Still, he believed in a kind of doomsday scenario for himself.

“Why do you have all the doors locked and every light on in the house—even in the basement?” Janie asked him one night in 1938.

“Because Rebecca is back in town with the circus, a hawker at the dart game, and seeking a way to do me in.”

“That is nonsense,” his mother said.

“Well, Mom, I realize that the carnie is the best place for any of us—there is a kind of emblematic understanding between those people, which in fact is rather sweet, and if not for her I could join. Yet my concern isn’t nonsense. She wants your home and your business and is willing to kill me for it—I knew it since I was seven years old!”

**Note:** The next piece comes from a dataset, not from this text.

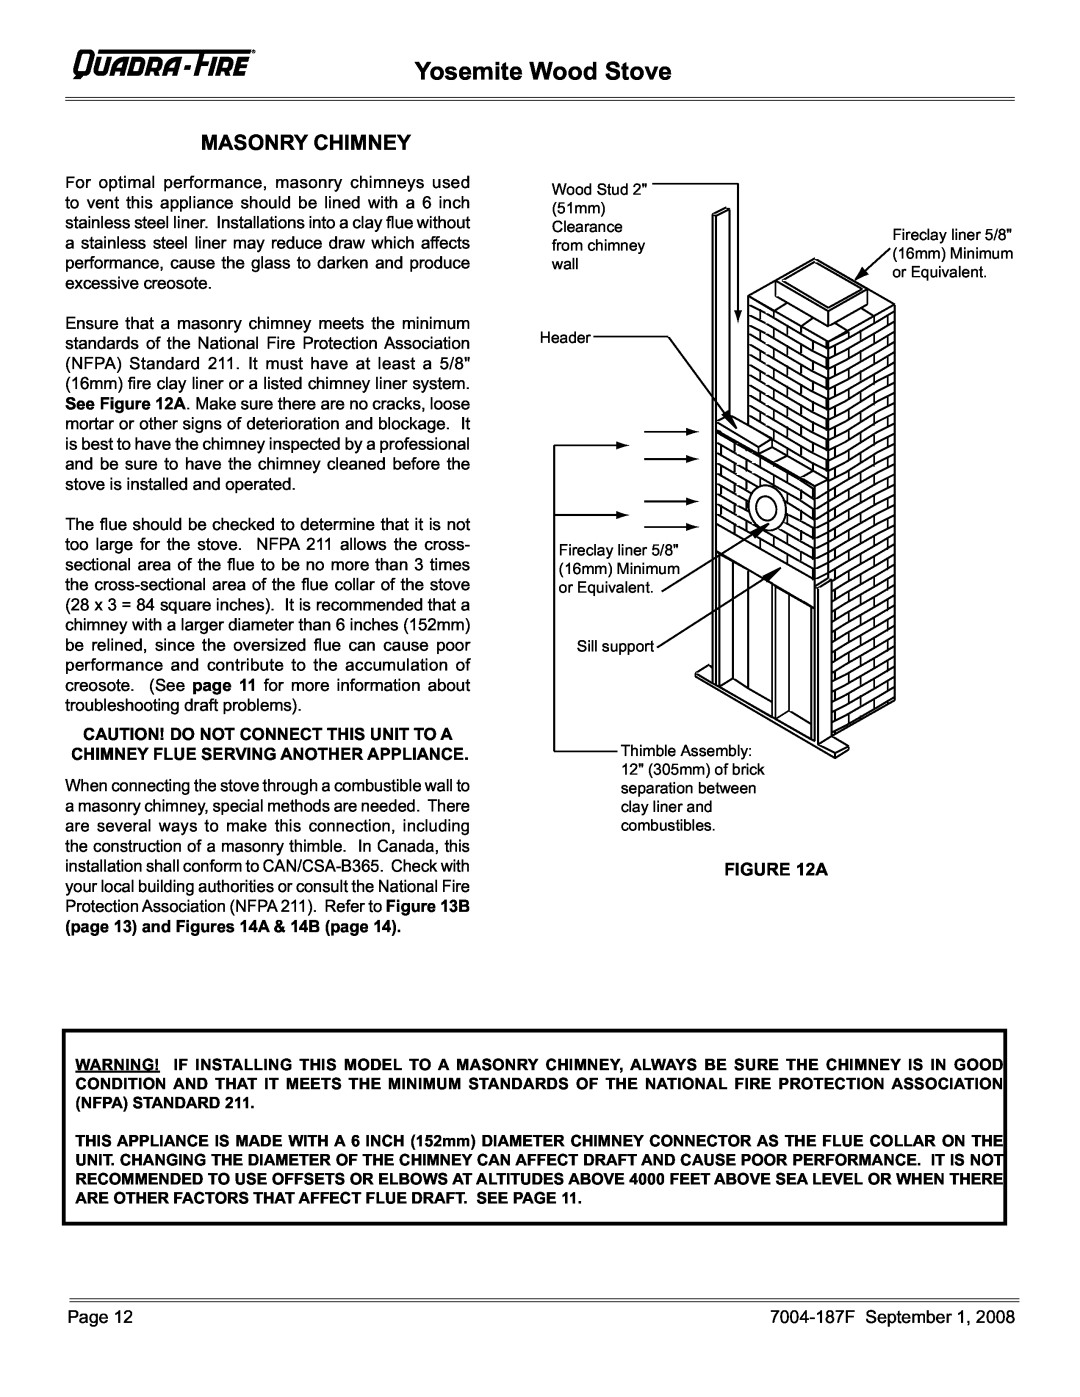 Hearth and Home Technologies PMH, MBK installation instructions Masonry Chimney, Yosemite Wood Stove, A 
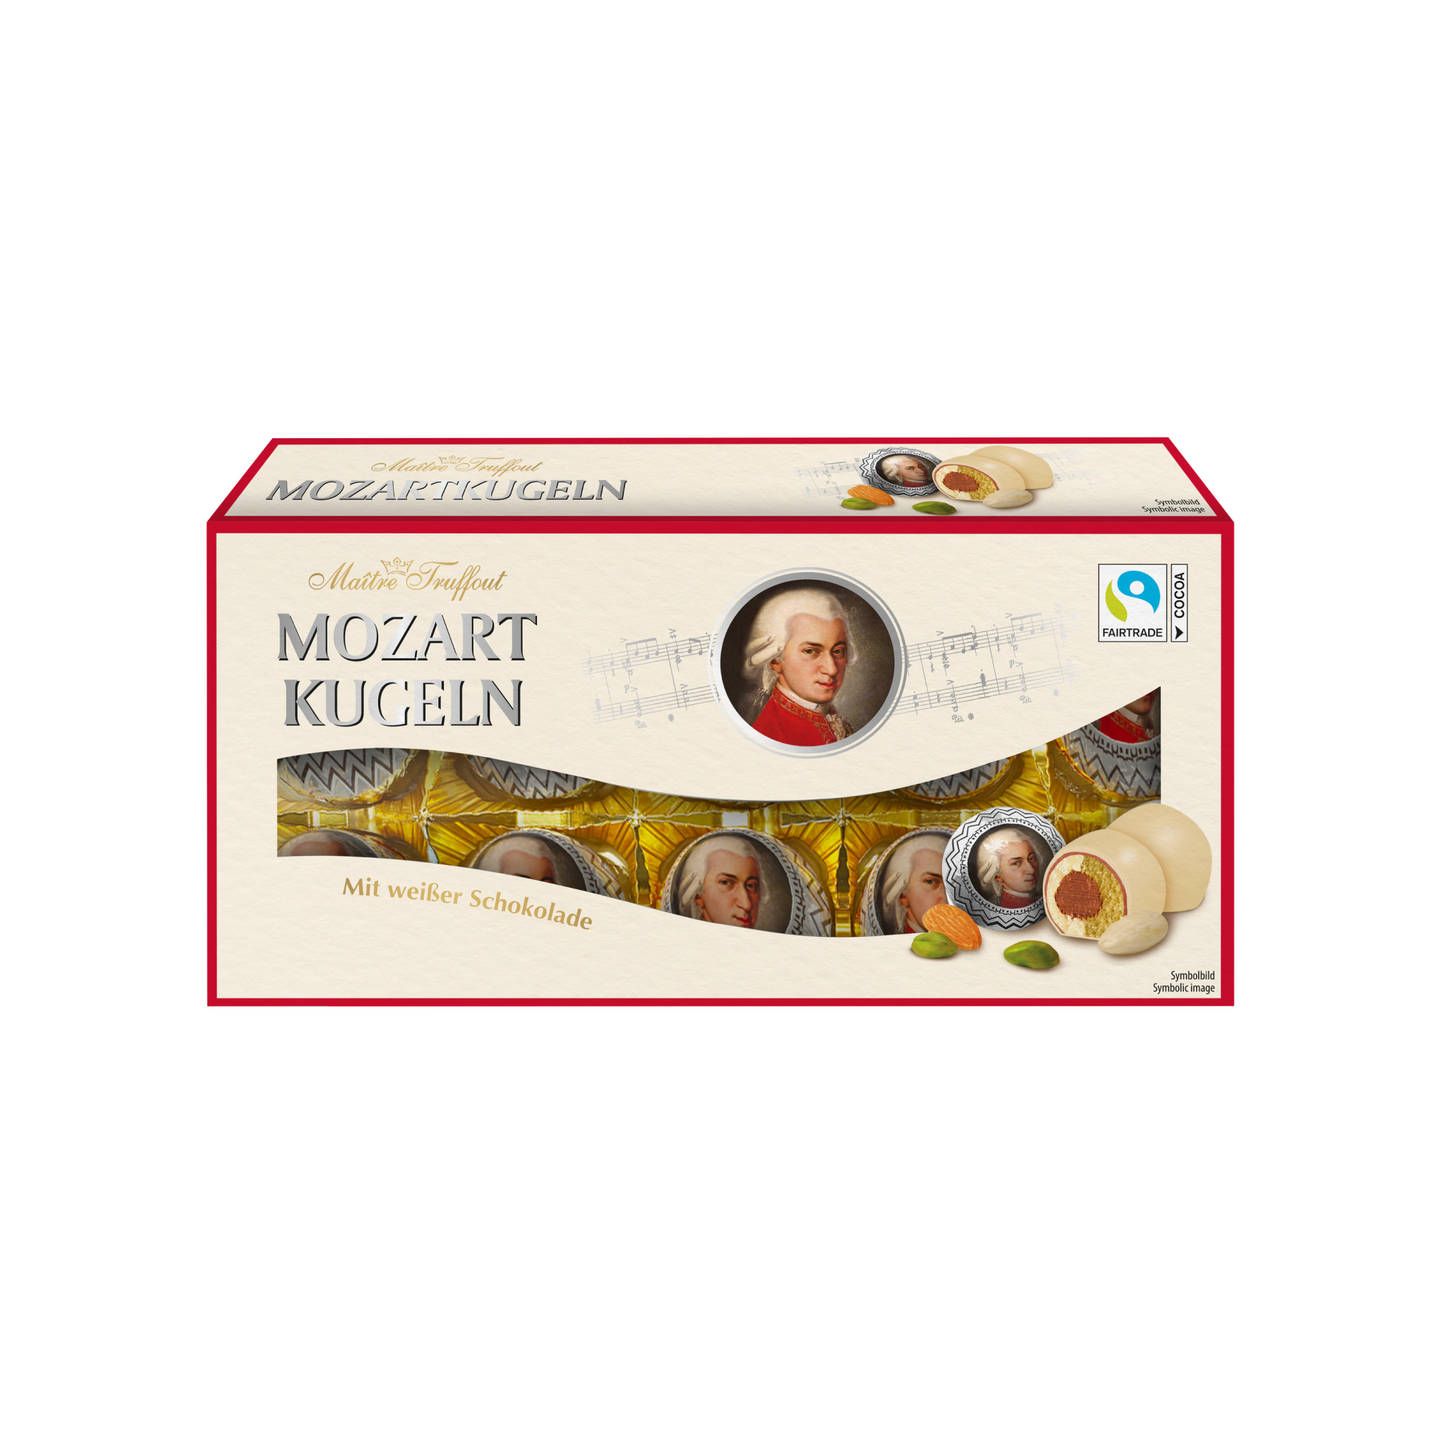 Maître Truffout White Chocolate Mozart Kugeln 200g

“Absolute rubbish,” my grandmother said.

The 1940s film noir seemed right for Miles—those films with Bogey and Mitchum, those with palm trees in the dark, those with stairways leading to forlorn patios, those with large cars and indifferent dreams, that ocean waves seemed to wash away. He in his cadet uniform smoking cigarettes alone in the dark theatre, looking like Fitzgerald himself, while the howls of moviegoers echoed around him and sometimes, for no apparent reason, at him. Or for the reason that he carried Boyle’s book of anatomy while asking a girl for a date to the spring dance.

He was in essence forgotten by the town. The girls in their finery, the boys in their youthful swagger waltzed by him, in jaunty indifference onward toward a war, and Hitler in Europe.

He wasn’t even worth bullying any more. Joey Elias told people: let him go, he is too harmless to harm.